- Provided material
+++

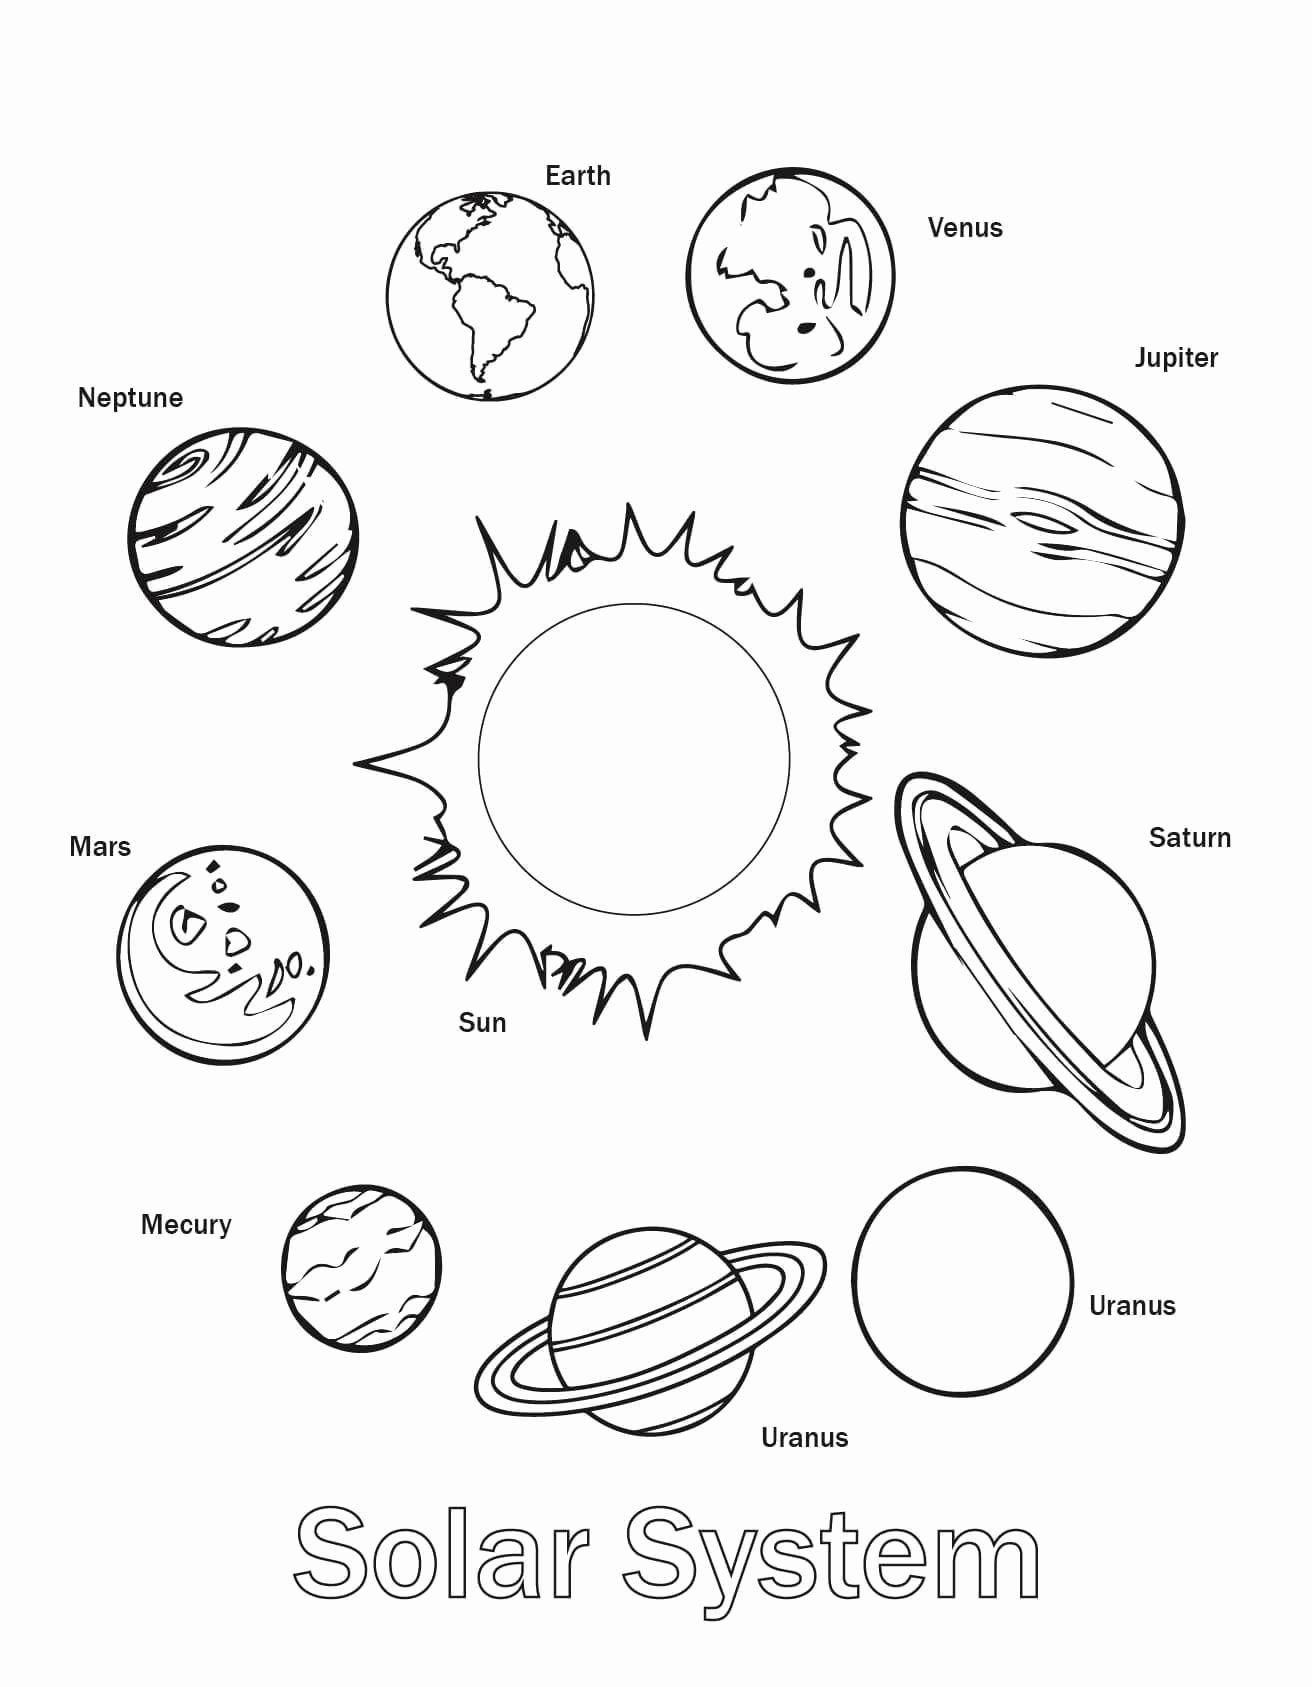 Color Black Worksheets for Preschoolers Awesome Free Printable solar System Coloring for Kids Color Black
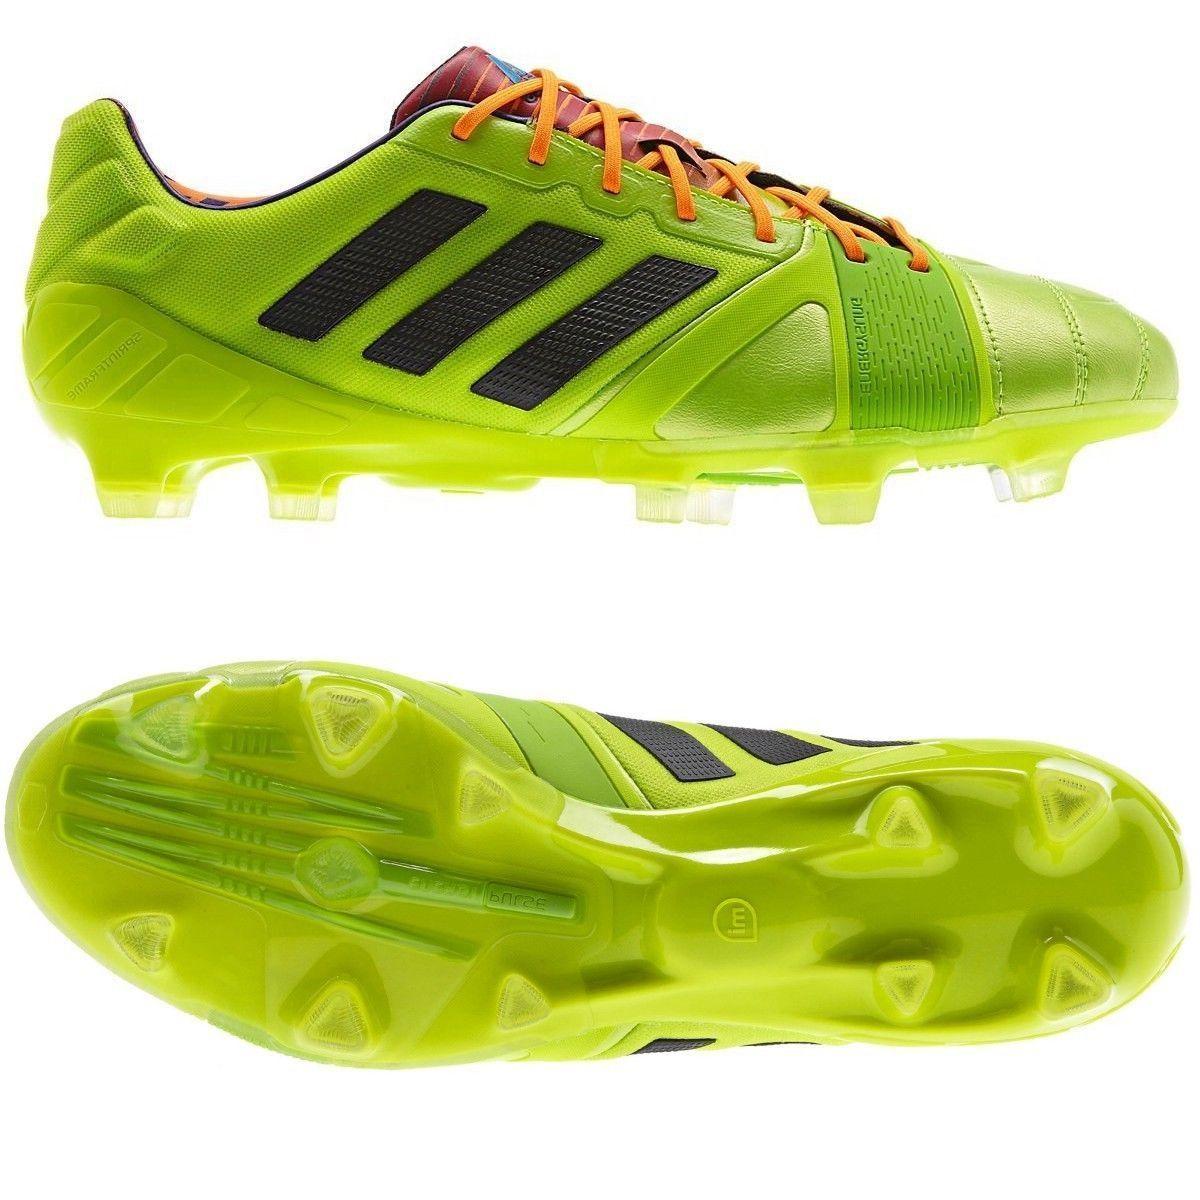 Adidas Nitrocharge 1.0 Trx Fg verde Lima Rendimiento de Fútbol botas para hombre
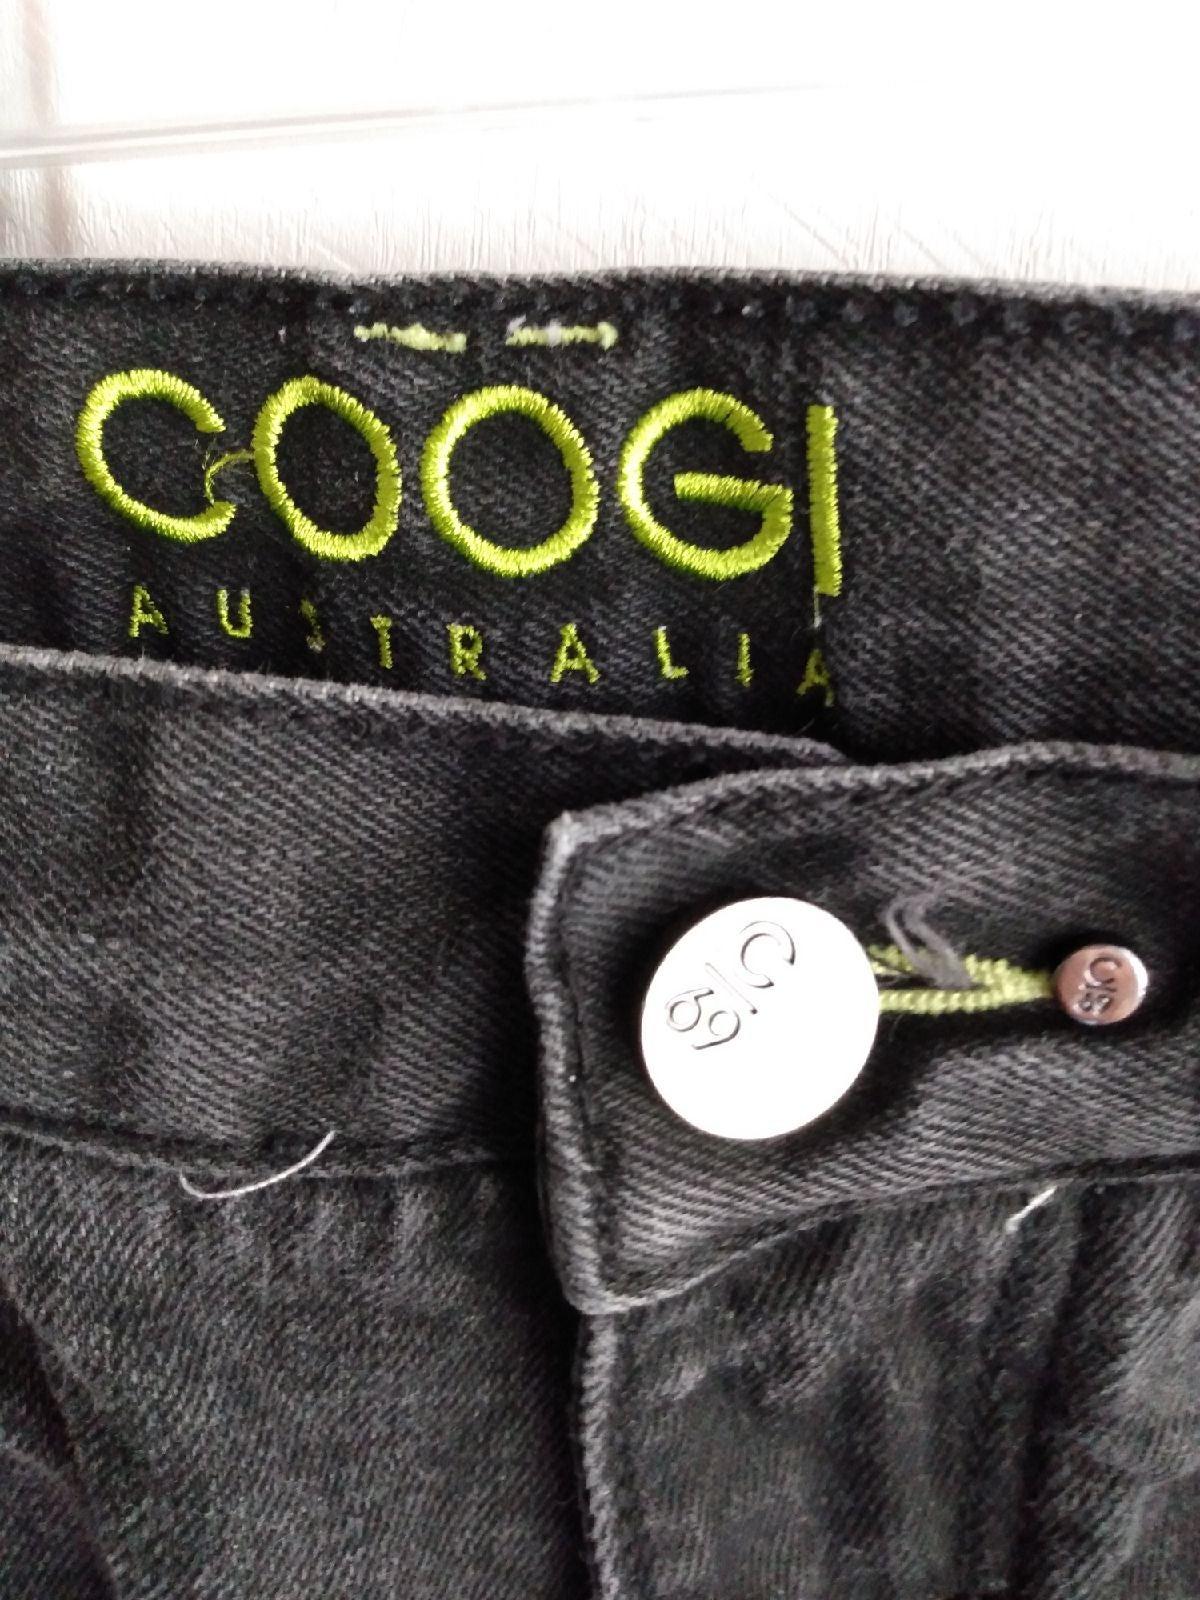 Coogi Men's Jeans 36x32

+++

Only the text of the listing above should be copied, exactly and with pictures left out.

 Color Black Worksheets for Preschoolers Awesome Free Printable solar System Coloring for Kids Color Black
 Adidas Nitrocharge 1.0 Trx Fg verde Lima Rendimiento de Fútbol botas para hombre
 Coogi Men's Jeans 36x32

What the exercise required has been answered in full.